In theory, someone could pick your padlock by figuring out the right combination of prime numbers. But it takes unfeasible amounts of computing power. In the early 2000s, RSA Laboratories published some semiprimes and offered cash prizes to anyone who could figure out the primes that produced them. Someone did scoop a $20,000 reward—but only after getting eighty computers to work on the number nonstop for five months. Larger prizes for longer numbers went unclaimed.4
No wonder Admiral Inman fretted about this knowledge reaching America’s enemies. But Professor Hellman had understood something the spy chief had not.5 The world was changing. Electronic communication would become more important. And many private-sector transactions would be impossible if there was no way for citizens to communicate securely.
Professor Hellman was right, and you demonstrate it every time you send a confidential work e-mail, or buy something online, or use a banking app, or visit any website that starts with “https.” Without public-key cryptography, anyone at all would be able to read your messages, see your passwords, and copy your credit card details. Public-key cryptography also enables websites to prove their authenticity—without it, there’d be many more phishing scams. The Internet would be a very different place, and far less economically useful. Secure messages aren’t just for secret agents anymore: they’re part of the everyday business of making your online shopping secure.
To his credit, the spy chief soon came to appreciate that the professor had a point. He didn’t follow through on the threat to prosecute. Indeed, the two developed an unlikely friendship.6 But then, Admiral Inman was right, too—public-key cryptography really did complicate his job. Encryption is just as useful to drug dealers, child pornographers, and terrorists as it is to you and me when we pay for some printer ink on eBay.

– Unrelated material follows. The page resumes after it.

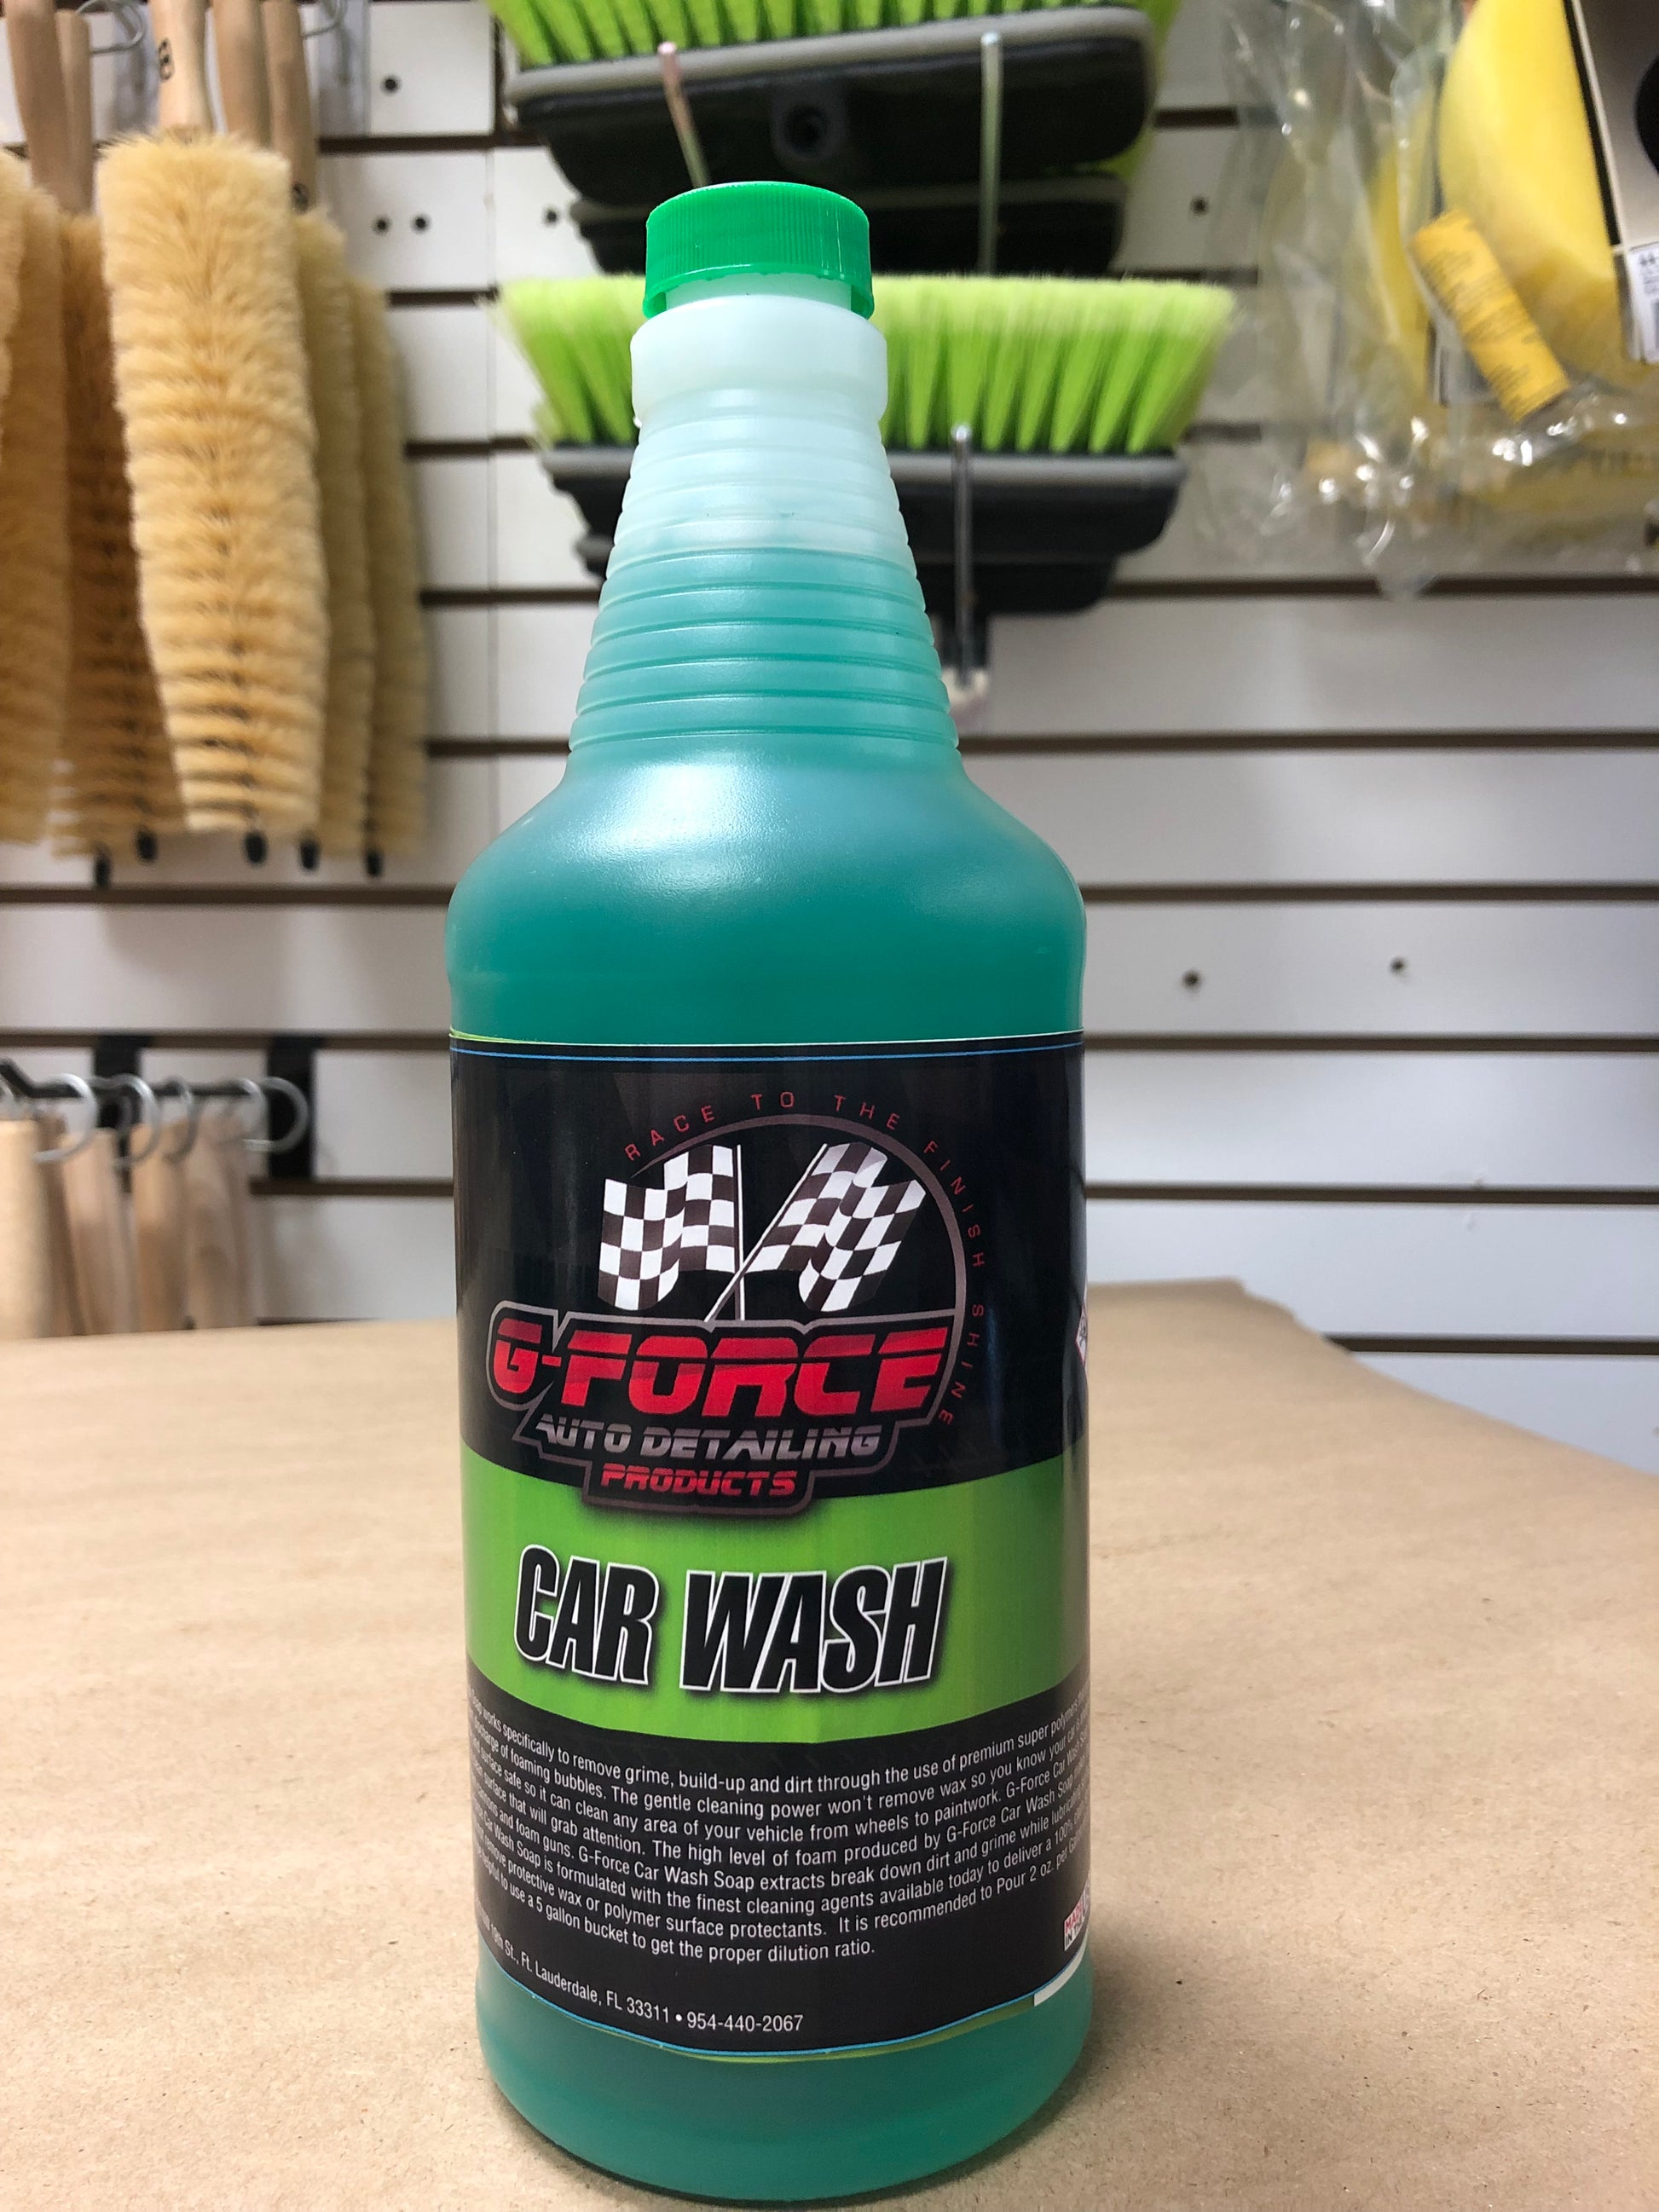 Foamalanche Car Wash Soap - GV Automotive Products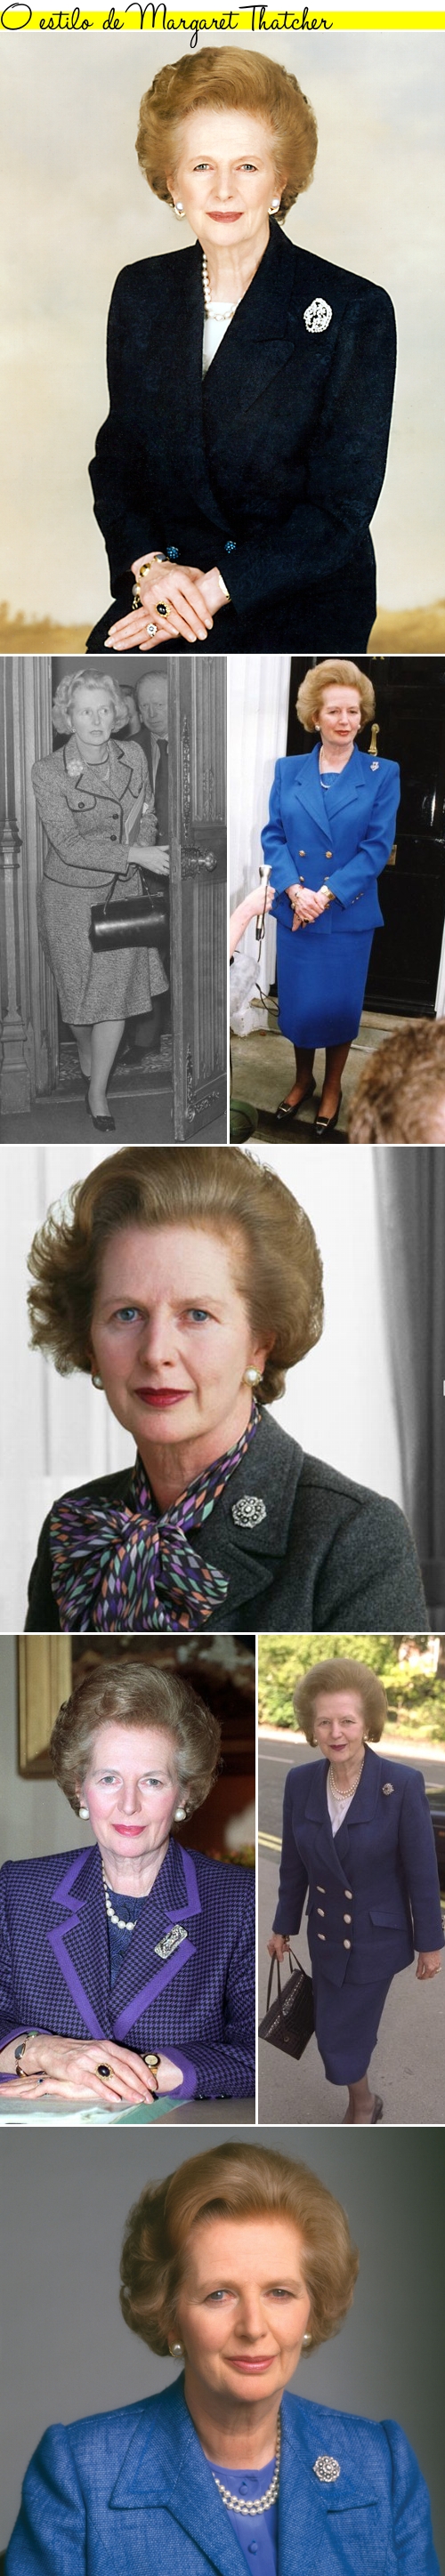 Margaret Thatcher1

From a government perspective, perhaps the ideal situation would be if encryption couldn’t be easily cracked by ordinary folk or criminals—thereby securing the Internet’s economic advantages—but government could still see everything that’s going on. The agency Inman headed was called the National Security Agency, or NSA. In 2013, Edward Snowden released secret documents showing just how the NSA was pursuing that goal.
The debate Snowden started rumbles on. If we can’t restrict encryption only to the good guys, what powers should the state have to snoop—and with what safeguards?
Meanwhile, another technology threatens to make public-key cryptography altogether useless. That technology is quantum computing. By exploiting the strange ways in which matter behaves at a quantum level, quantum computers could potentially perform some kinds of calculation orders of magnitude more quickly than regular computers. One of those calculations is taking a large semiprime number and figuring out which two prime numbers you’d have to multiply to get it. If that becomes easy, the Internet becomes an open book.7
Quantum computing is still in its early days. But forty years after Diffie and Hellman laid the groundwork for Internet security, academic cryptographers are now racing to maintain it.